In 1852, all three volumes were reprinted exactly as they were issued in 1850. (Only the date on the title page was changed.) In 1853, a number of modifications were made to reshape the three books into a cohesive set. In this process, the “Preface” and “Memoir” were relocated from volume III to volume I and “The Poetic Principle” moved to volume II. In repositioning “The Poetic Principle,” which had been at the front of volume III, the printer renumbered the pages of the essay as prefatory material (pages vii - xxvi) but left volume III starting at page 21. (This anomaly was left unchanged in future printings.) The title page of volume II was changed from “Poems and Miscellanies” to “Poems and Tales,” and the copyright date on the back of the title page changed from 1849 to 1850. The title of volume III  was also changed at this time to simply “The Literati,” and was clearly marked as volume III. In this form, the three volumes were again reprinted in 1855.
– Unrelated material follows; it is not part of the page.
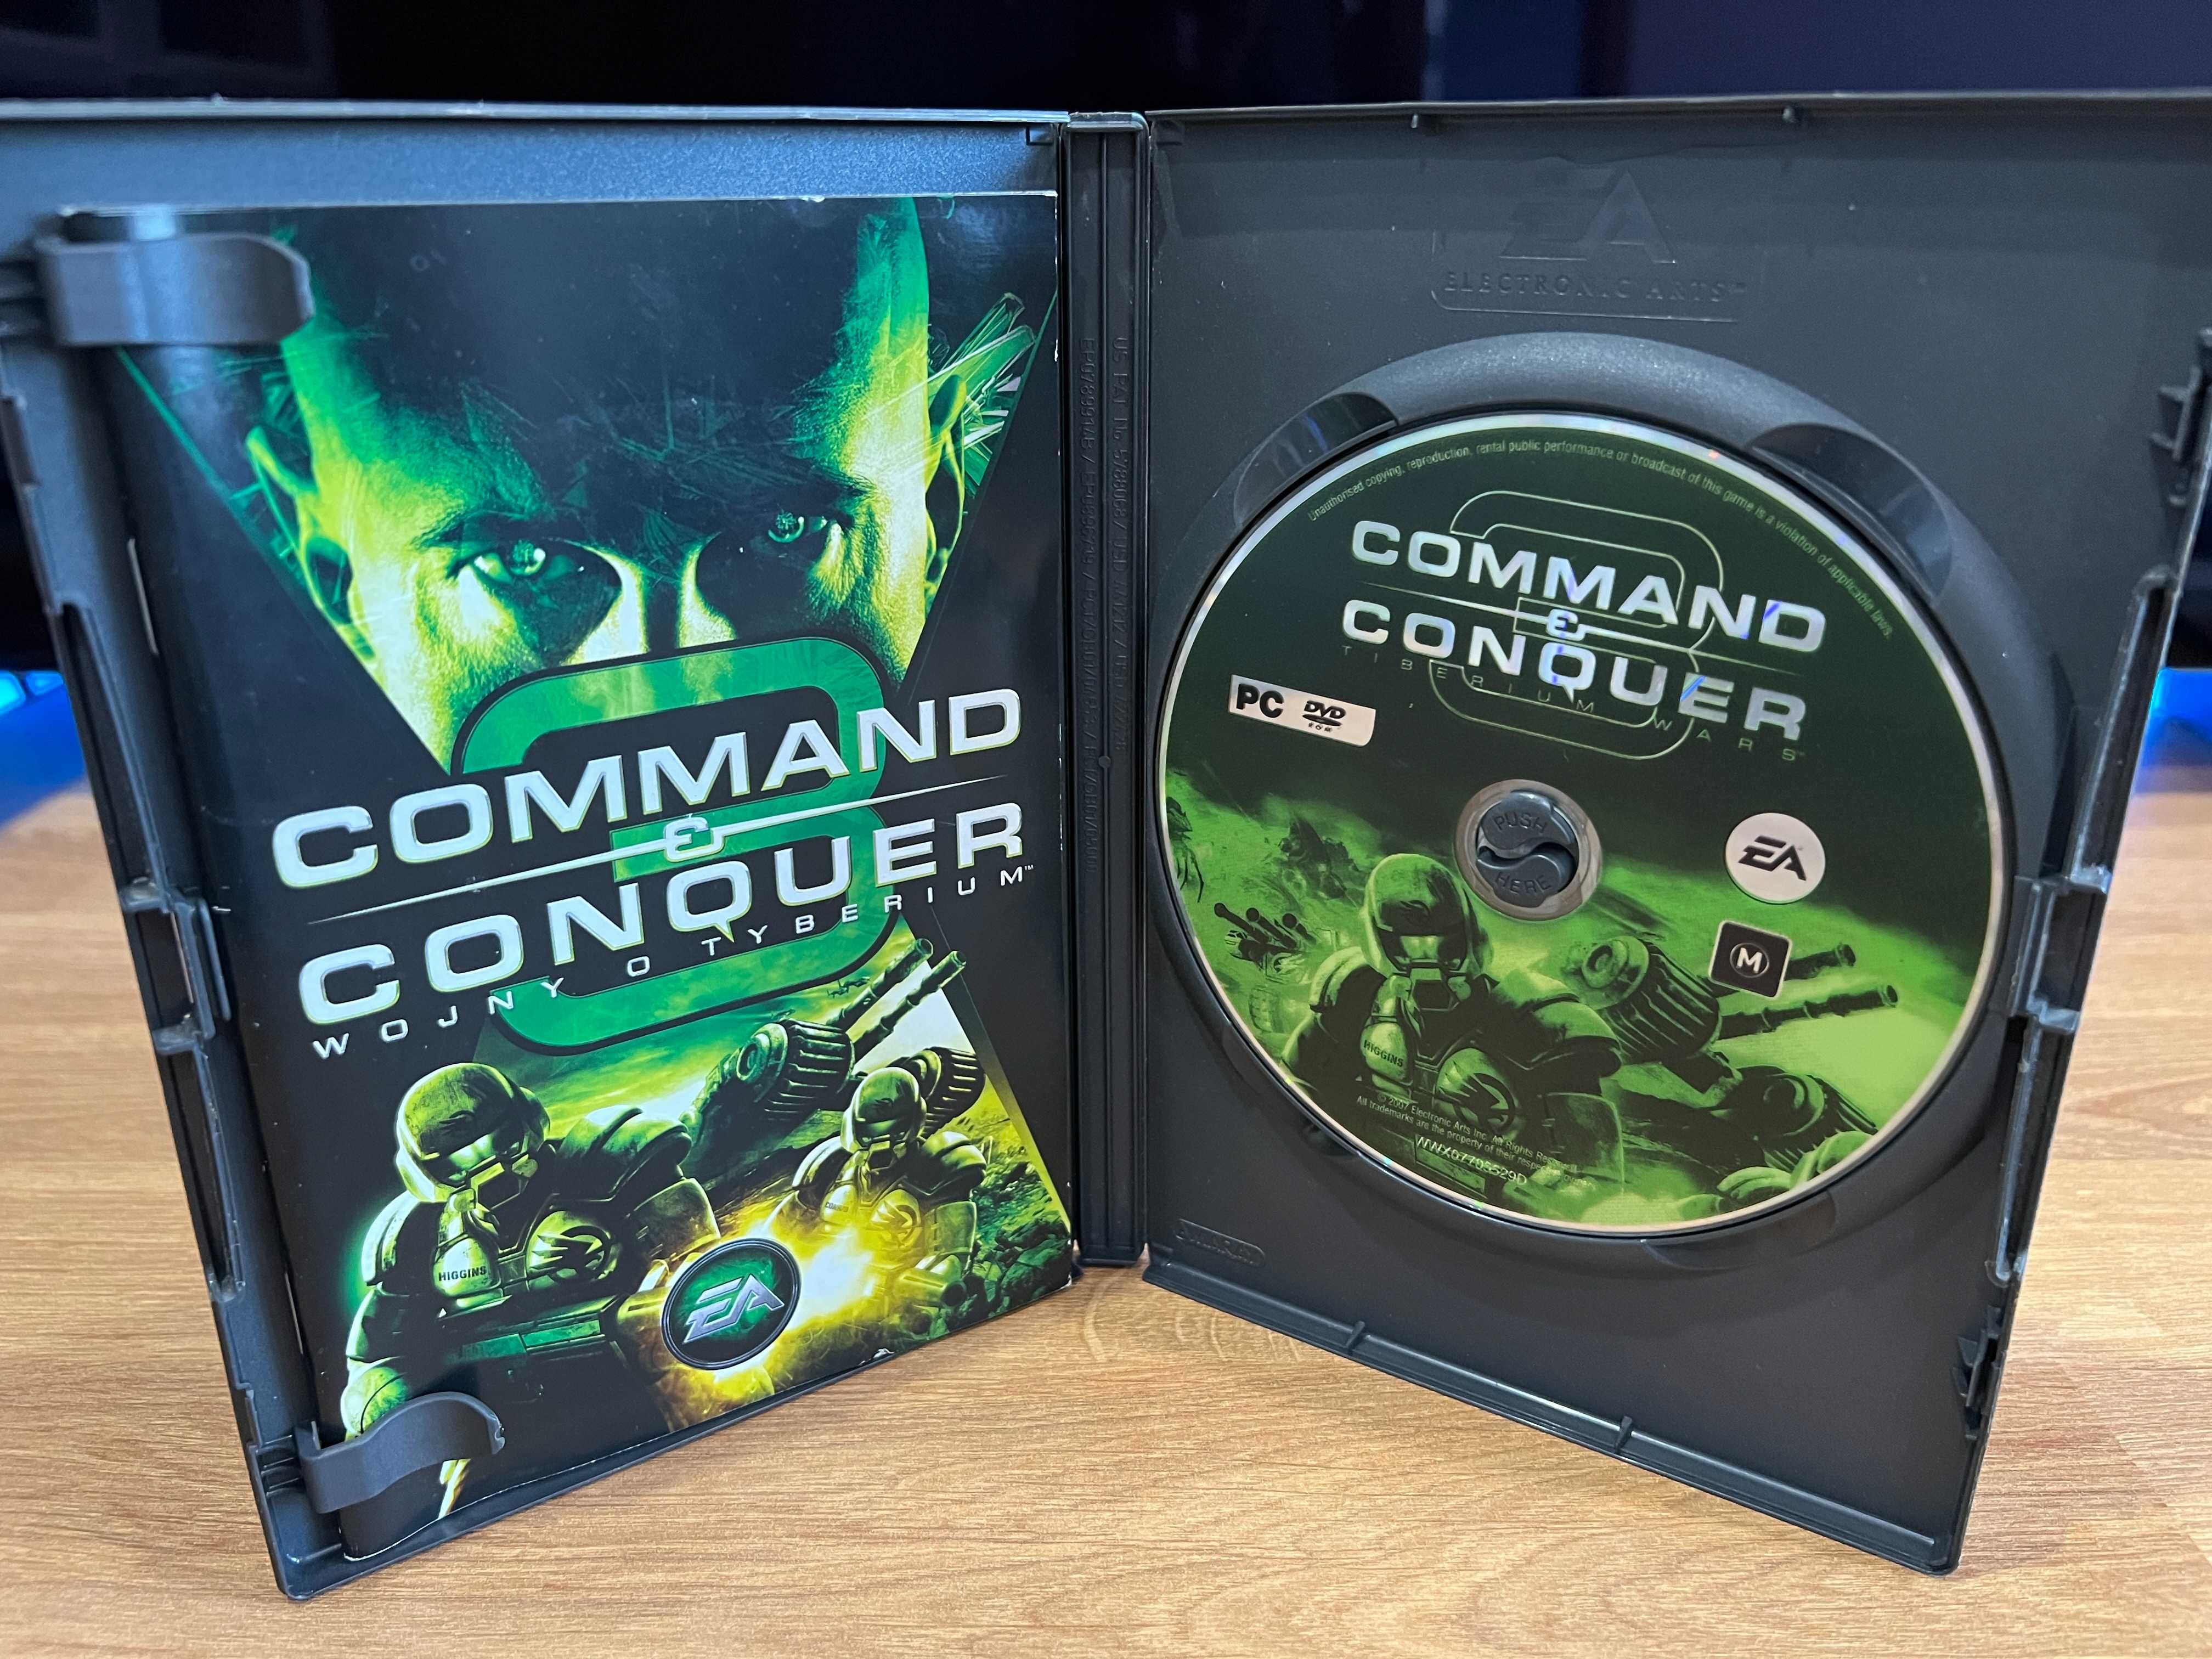 Command & Conquer 3 Wojny o Tyberium (PC PL 2007) premierowe wydanie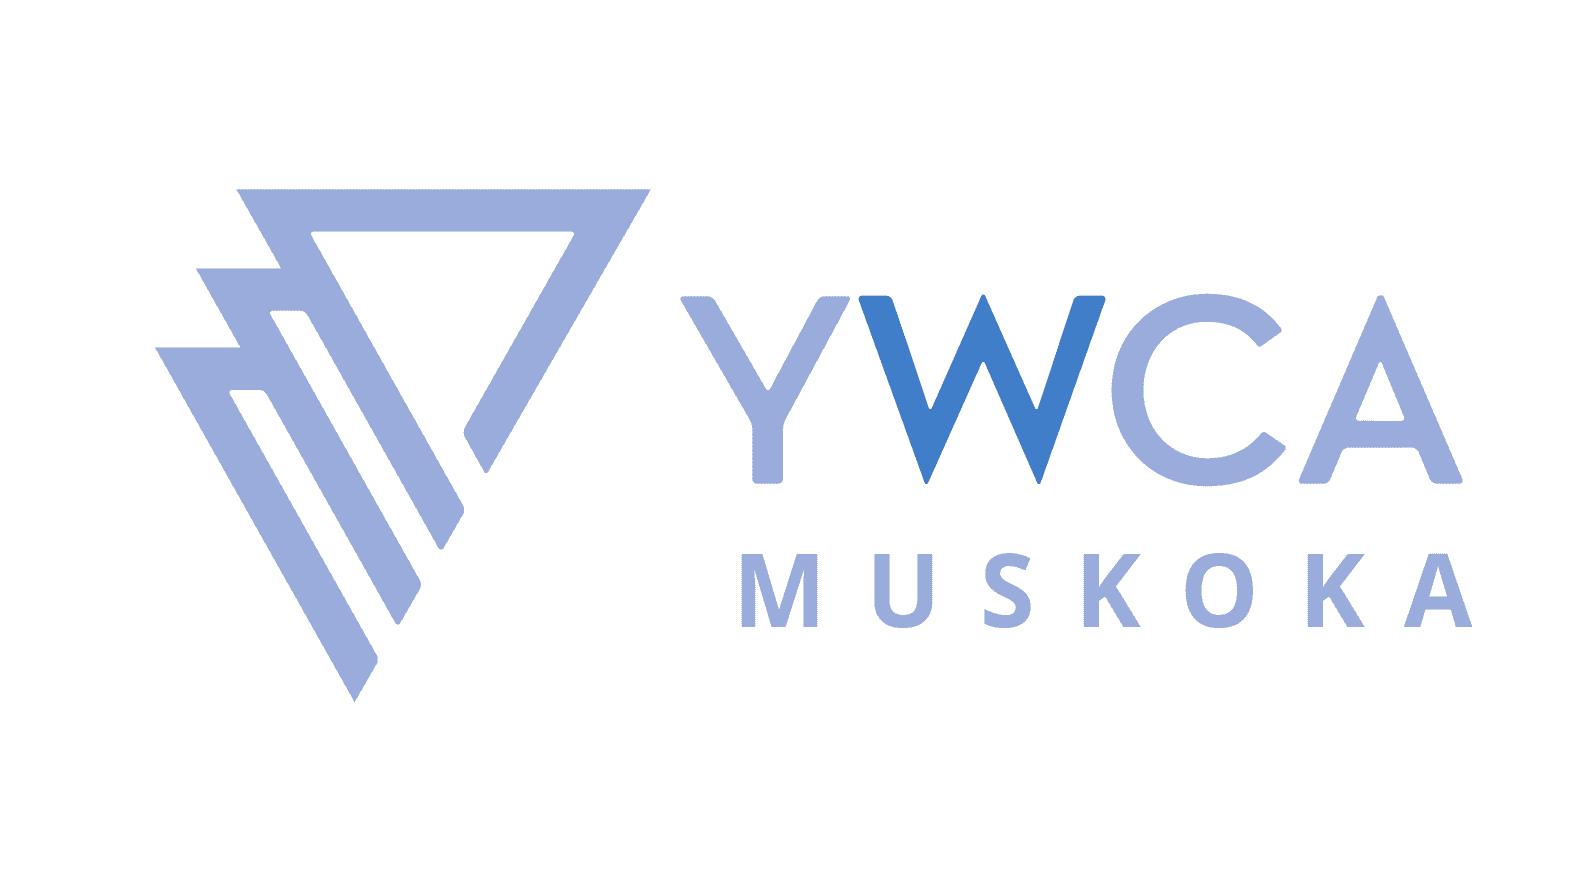 YWCA Muskoka's Logo

In spite of Griswold's statement to Thompson that the third volume was to be the final one, a fourth volume was issued in 1856, one year before Griswold's own death. (The “Preface” for this volume is dated “New York, Feb . 13, 1856.” An advertisement for J. S. Redfield, appearing in the New York Daily Tribune for February 26, 1856 states that the volume will be ready for sale “next week.”) The chief item in this volume was “The Narrative of Arthur Gordon Pym.” Griswold had apparently debated as to whether or not to include this work in the set as early as 1849. On November 3, 1849, Mrs. Lewis wrote to him, “I have read carefully ‘Arthur Gordon Pym. ’ It is not written with the care and classic finish that characterize ‘The Gold Bug, ’ and ‘The House of Usher, ’ but with more freshness and dramatic effect. The interest never lags. The movement is almost constant. I think that a collection of Mr. Poe's Tales will be incomplete without it” (quoted by Bayless, p. 283-284, n 24). Many sets combine this one volume with earlier printings of the previous three. (A number of obvious typographical errors, especially in “Pym,” remained through several subsequent printings. These were corrected when W. J. Widdleton printed its slightly revised edition in 1861.) There are nearly annual reprints of the full four-volume set: 1857-1861, 1863-1870, and a final reprint in 1871, when Mrs. Clemm died. It was briefly suspended, until John Ingram's revisions in 1874-1875, with Ingram's far more sympathetic account of Poe's life replacing Griswold's “Memoir.” (After 1871, the one-page notice by Maria Clemm “To The Reader” was also removed.)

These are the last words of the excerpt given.